Research

Light fields can provide immersive experiences with a level of realism unsurpassed by any other imaging technology. They are used in the domains of augmented reality, virtual reality, and autostereoscopic displays. Since light rays are captured from every direction through every point in a volume of space, we can recreate the correct perspective of the scene from any viewpoint position inside this volume. This enables a variety of post-capture processing capabilities such as refocusing, changing depth-of-field, extracting depth/disparity information, and 3D modeling. Light fields also find applications in view synthesis, super resolution, object recognition, material identification, depth estimation, and medical imaging.

Digital Refocusing

Changing Dof by digital image aperture modification

Due to the recent technological advances in optics, sensor manufacturing, and available transmission bandwidth, as well as the investment of many tech giants in this area, it is expected that soon many light field transmission systems will be available to both consumers and professionals. The high dimensional light fields offer powerful capabilities for scene understanding and post processing. However, they do bring up challenges in terms of data capture and data compression. The raw image captured by a light field camera is huge. For instance, Lytro Illum produces raw data at 7728x5368 resolution and 10 bits-per-pixel (bpp) precision, namely 51,854,880 bytes per shot/frame. Thus new approaches are required to compress light field data to enable efficient storage, transmission and display. This must be done in accordance with the JPEG Pleno which is a standard framework for representing light field modalities and also offers backward compatibility for 2D and 3D displays.

A light field has spatial, angular, and temporal correlations. Existing image or video coding approaches such as JPEG, MPEG and HEVC do not fully exploit redundancies present in light field content. Effective light field compression approaches must exploit the intra-view, inter-view, statistical and perception-based correlations present in the multiple viewpoint images captured. There are lossy and lossless compression schemes for light fields and some hybrid coding techniques can also be employed. By taking advantage of spatio-temporal properties, there is immense potential of light fields in multi-view autostereoscopic displays. Such displays need optimizations in terms of multi-layer decomposition and real time streaming of light field data. Designing display invariant schemes for practical usage of light fields is also critical for 3D display applications.

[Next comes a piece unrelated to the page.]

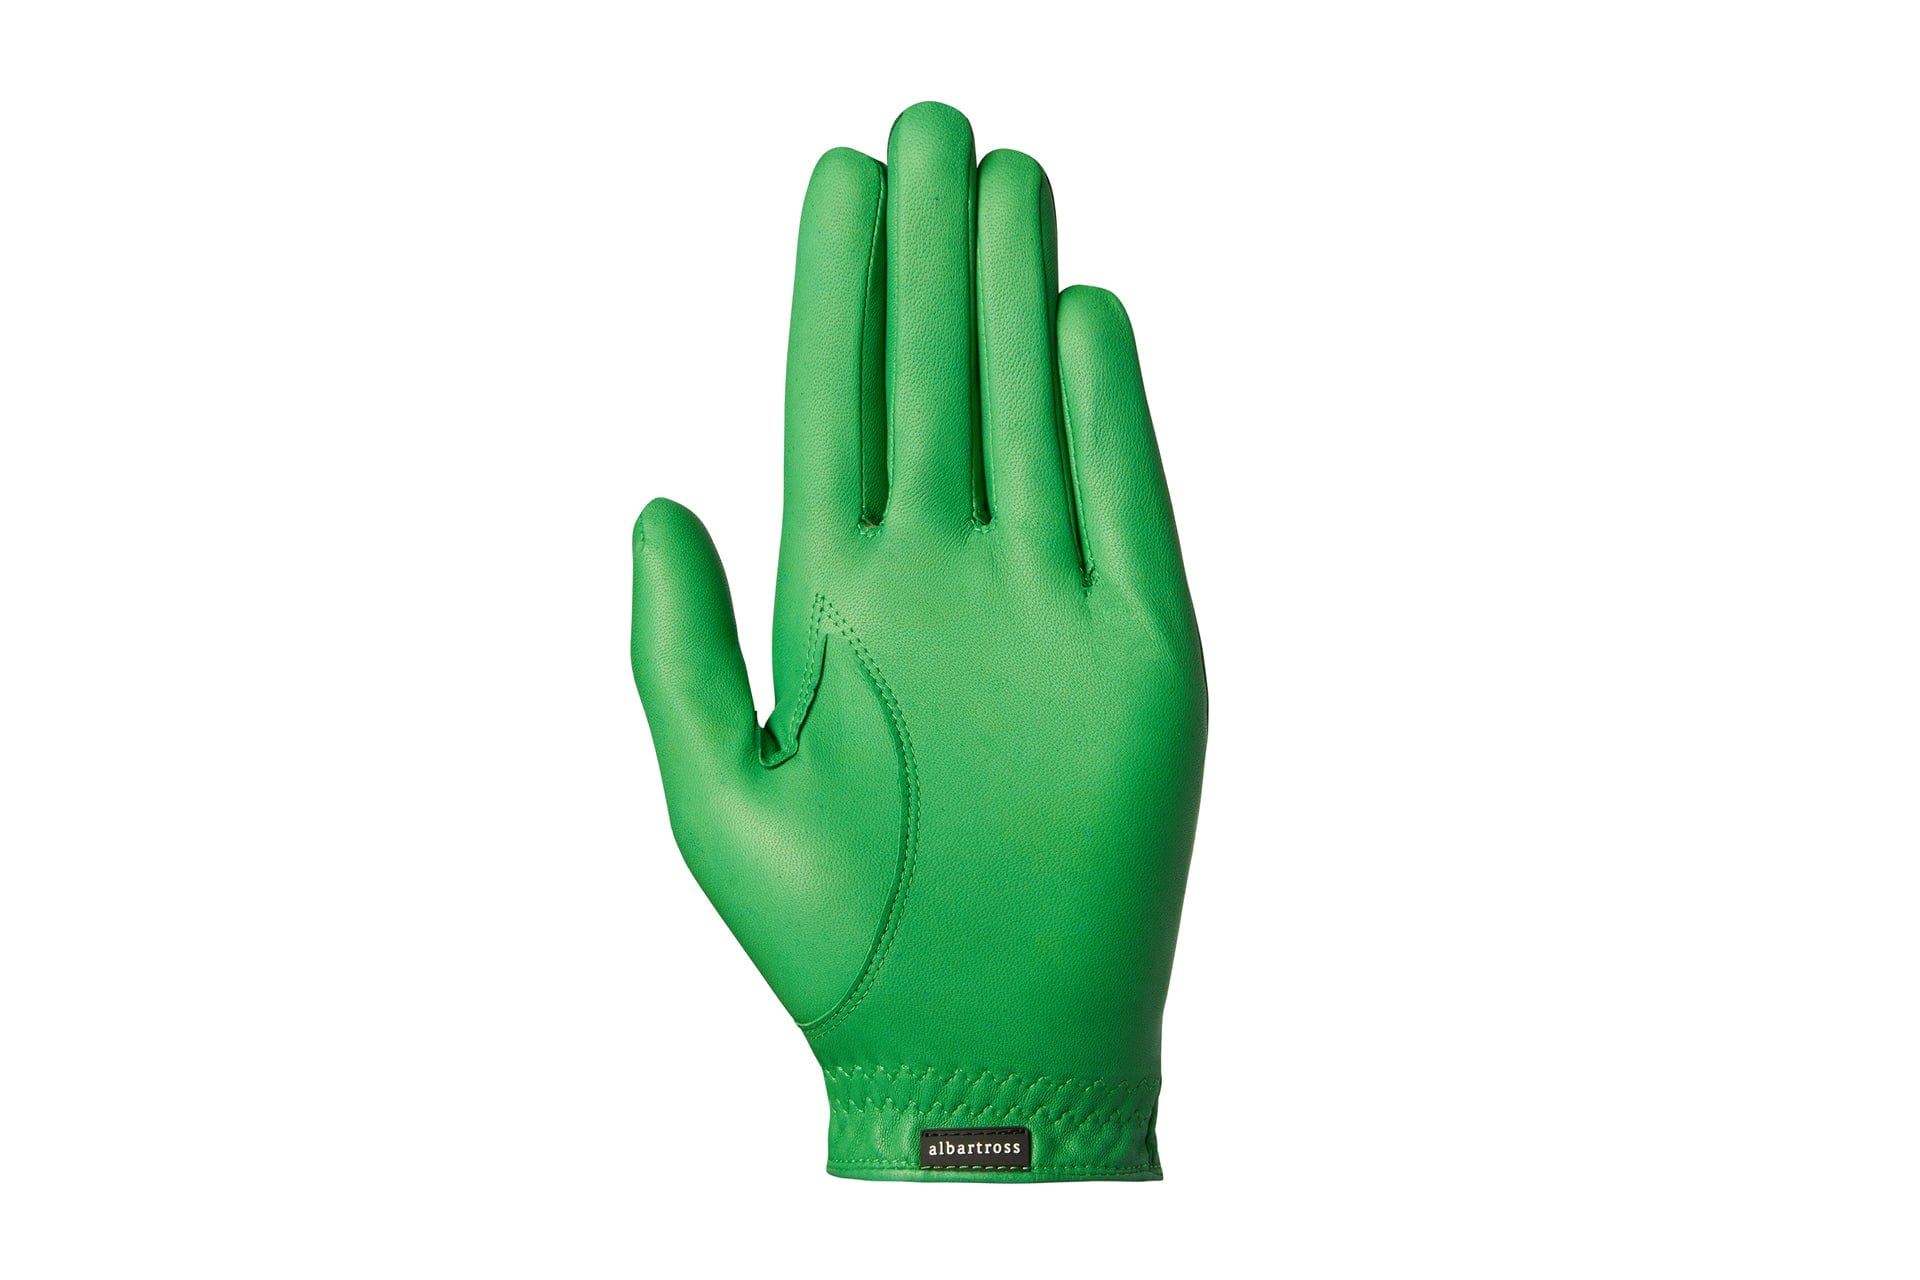 Men's Leather Golf Glove | Green Cabretta Leather | Royal Albartross Windsor v2 Green

There is immense scope and demand for algorithms that aim to provide high compression quality with reasonable resource requirements in terms of bitrate reduction, computational complexity, and reconstruction quality. Obtaining such optimal bitrate reduction while preserving the light field structure is challenging.

The representation of light fields must also be compact and generalized to provide flexibility in realizing a range of bitrates for compression. We must consider the aspects of interoperability, scalability, and adaptability of the scheme since different multi-baseline geometries are used for multi-view capturing. Regarding 3D display adaption, the light field representation and coding must be scalable and appropriate for different viewing conditions (screen size and distance, e.g., from cinema to tv to phones). The format must be invariant to the display type and allow the depth impression to be easily changed to best meet viewers’ preferences for visual comfort.

The research goal and motivation of my current work is to focus on issues in analysis, optimal data format generation, representation, interpretation and compression of light field data.